Start of Information provided
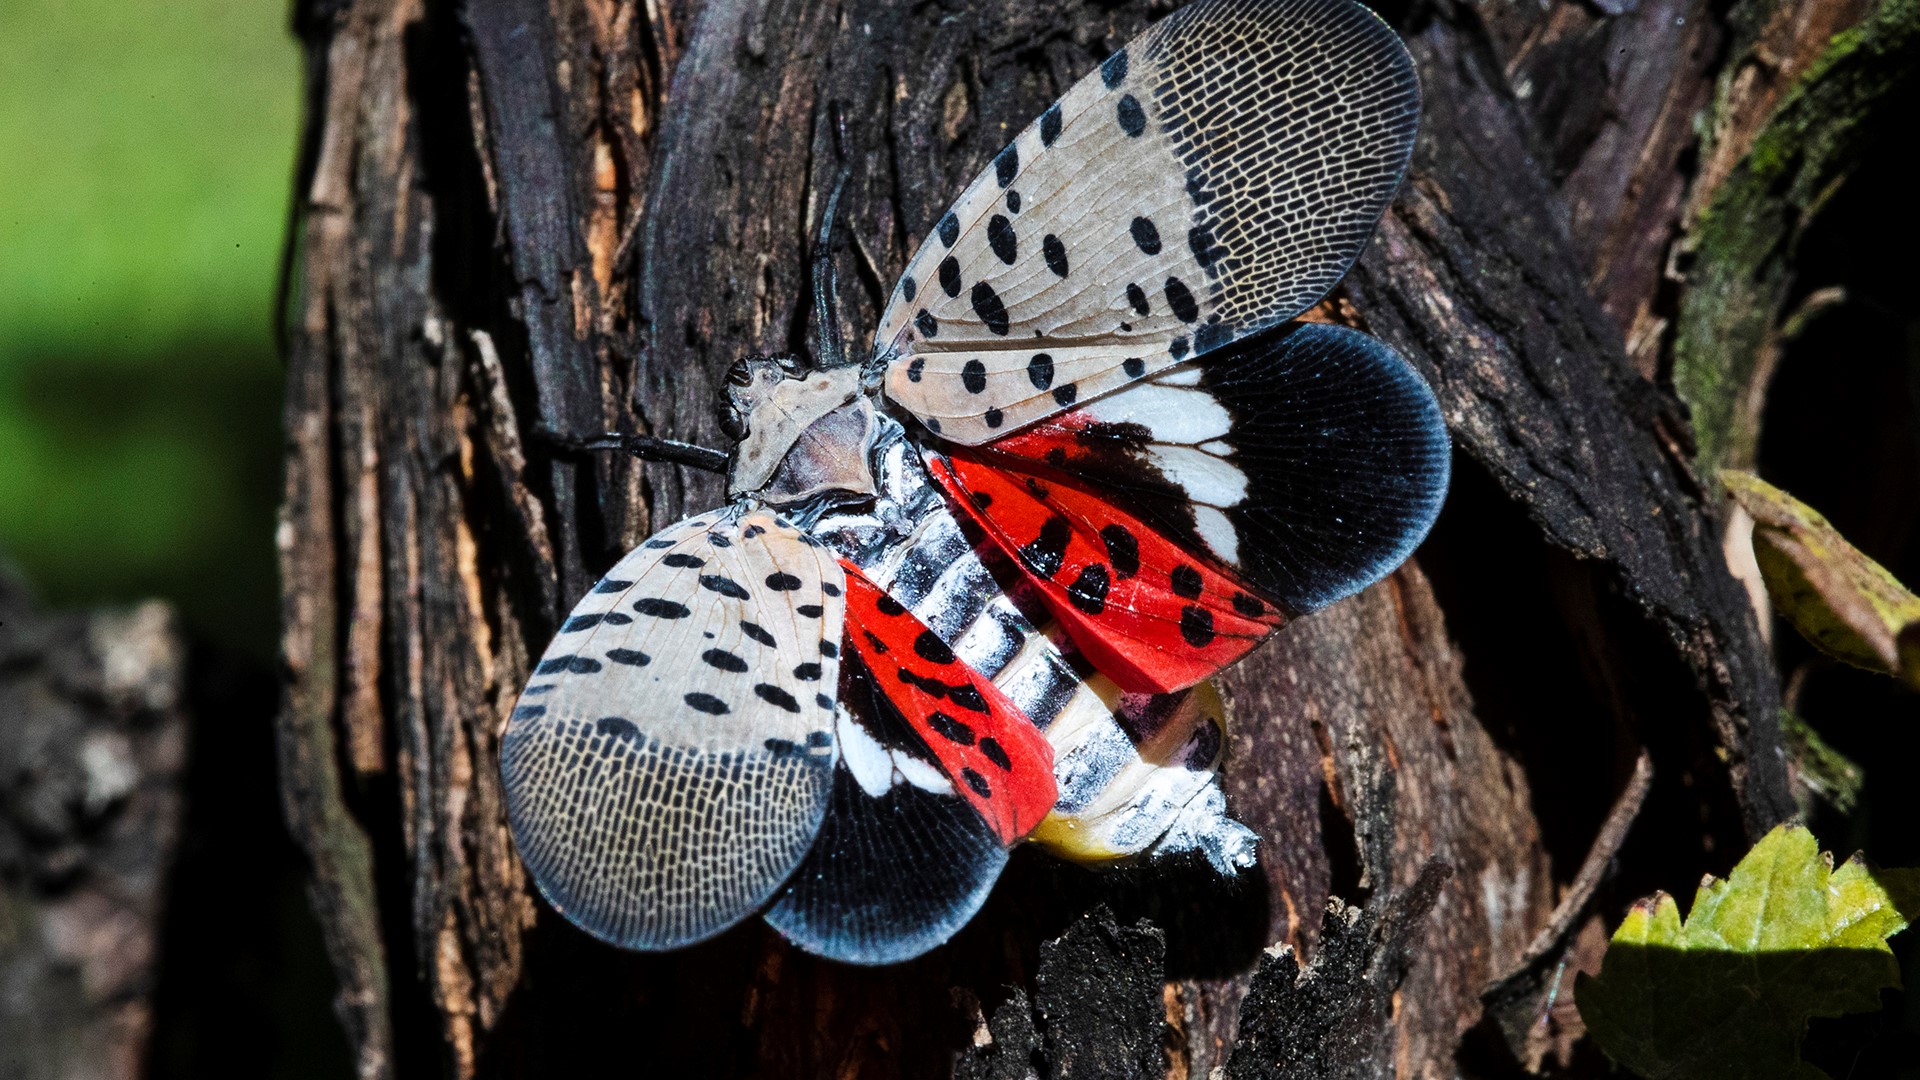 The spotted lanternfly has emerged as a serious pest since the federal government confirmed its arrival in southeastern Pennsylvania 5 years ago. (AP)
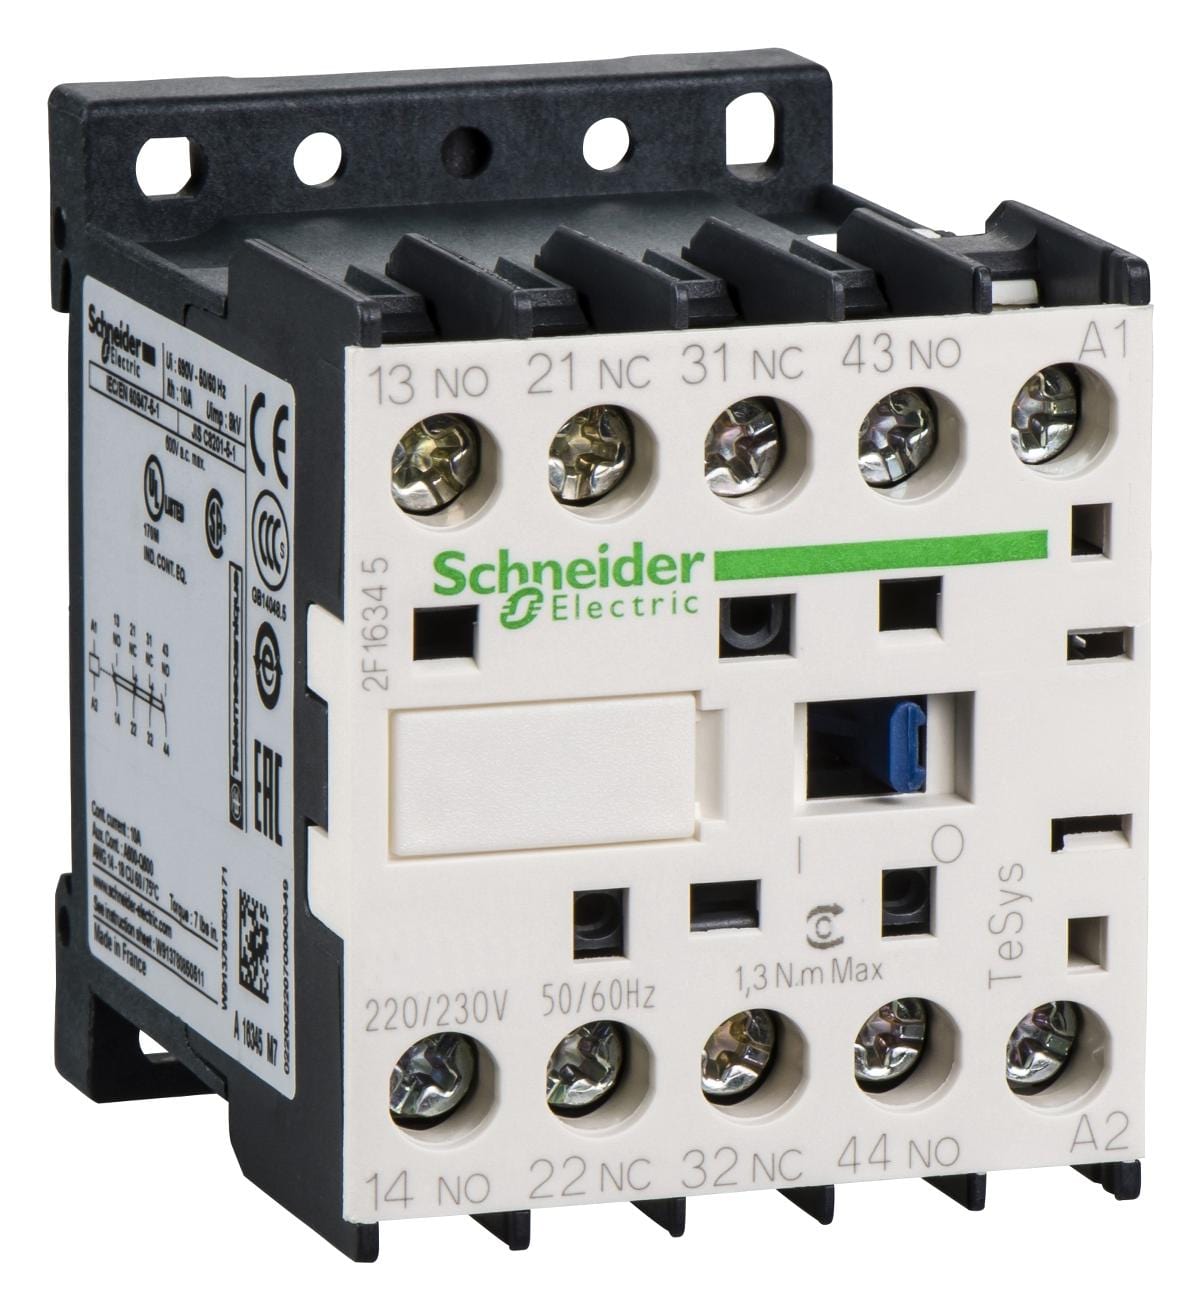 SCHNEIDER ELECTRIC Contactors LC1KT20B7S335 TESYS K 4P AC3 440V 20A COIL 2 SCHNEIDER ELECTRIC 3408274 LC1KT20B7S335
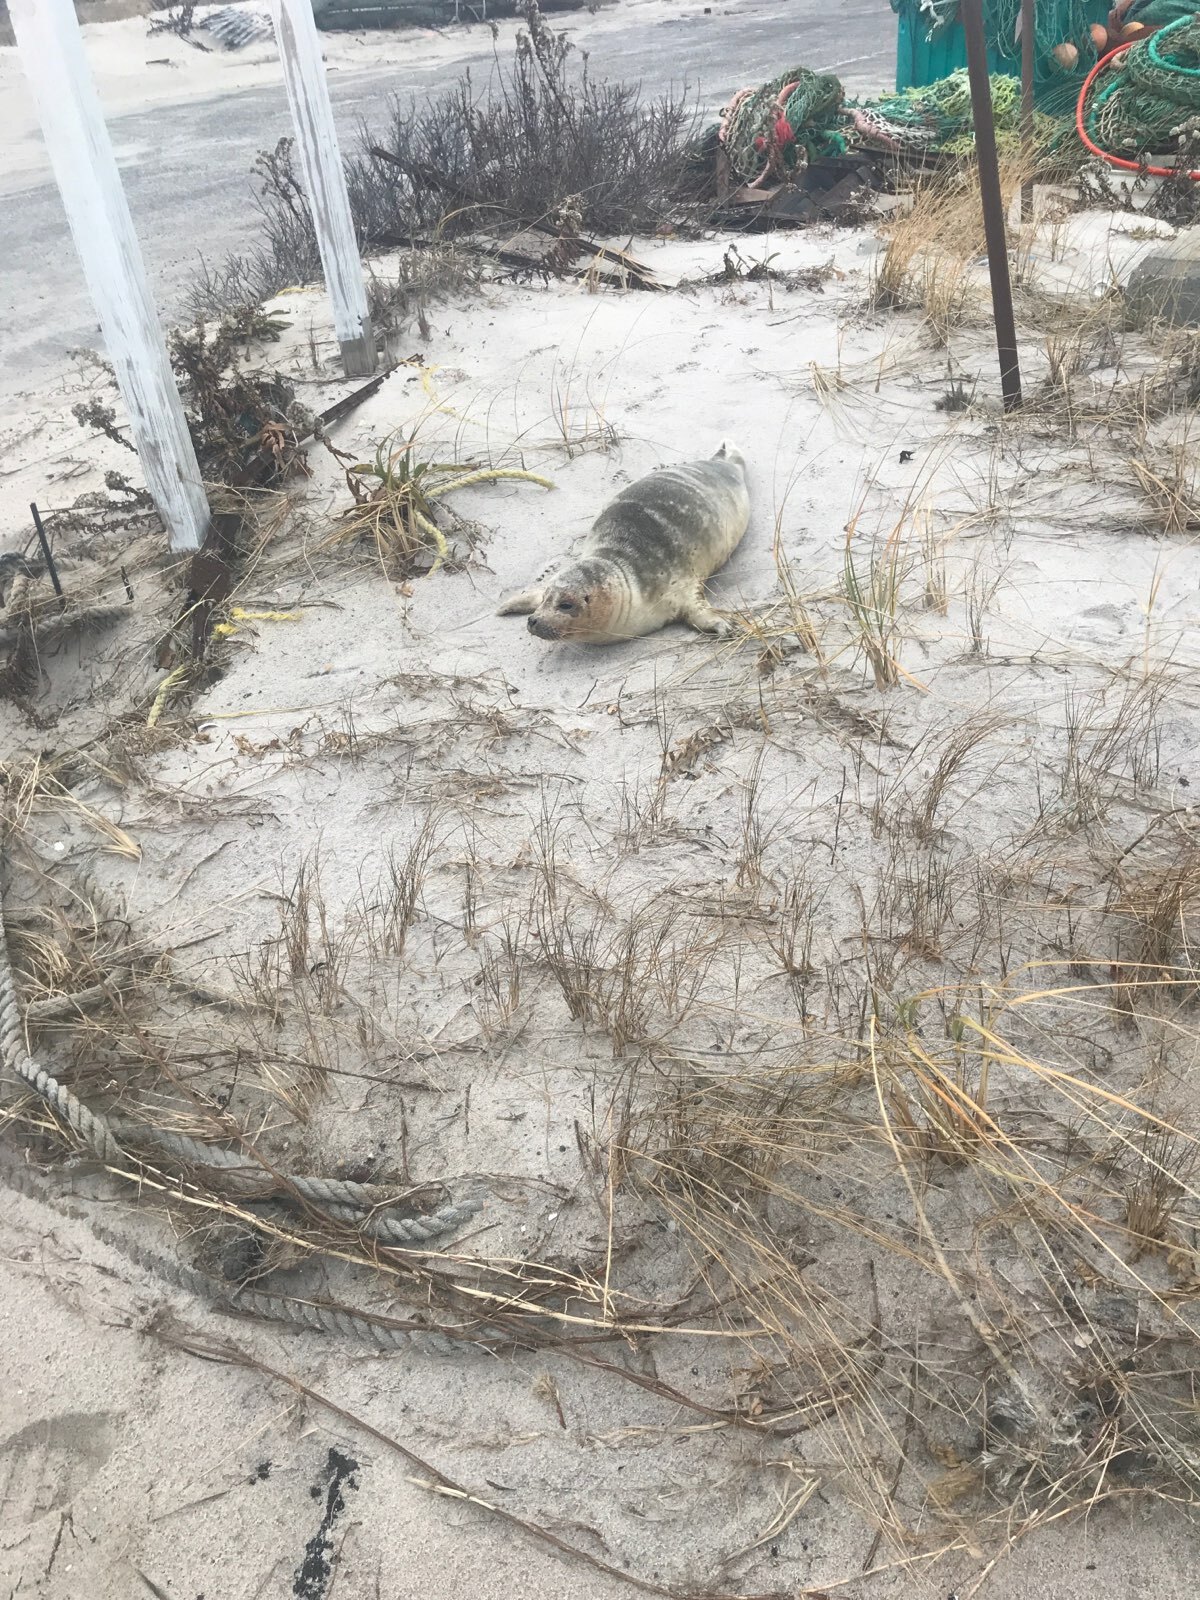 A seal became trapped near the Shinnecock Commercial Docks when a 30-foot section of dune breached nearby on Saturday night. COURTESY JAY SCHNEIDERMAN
End of Information provided
• **Task requirements**
Return the whole listing, word for word, and leave out every picture.

• **Solution for this exercise**
 The spotted lanternfly has emerged as a serious pest since the federal government confirmed its arrival in southeastern Pennsylvania 5 years ago. (AP)
 SCHNEIDER ELECTRIC Contactors LC1KT20B7S335 TESYS K 4P AC3 440V 20A COIL 2 SCHNEIDER ELECTRIC 3408274 LC1KT20B7S335
 A seal became trapped near the Shinnecock Commercial Docks when a 30-foot section of dune breached nearby on Saturday night. COURTESY JAY SCHNEIDERMAN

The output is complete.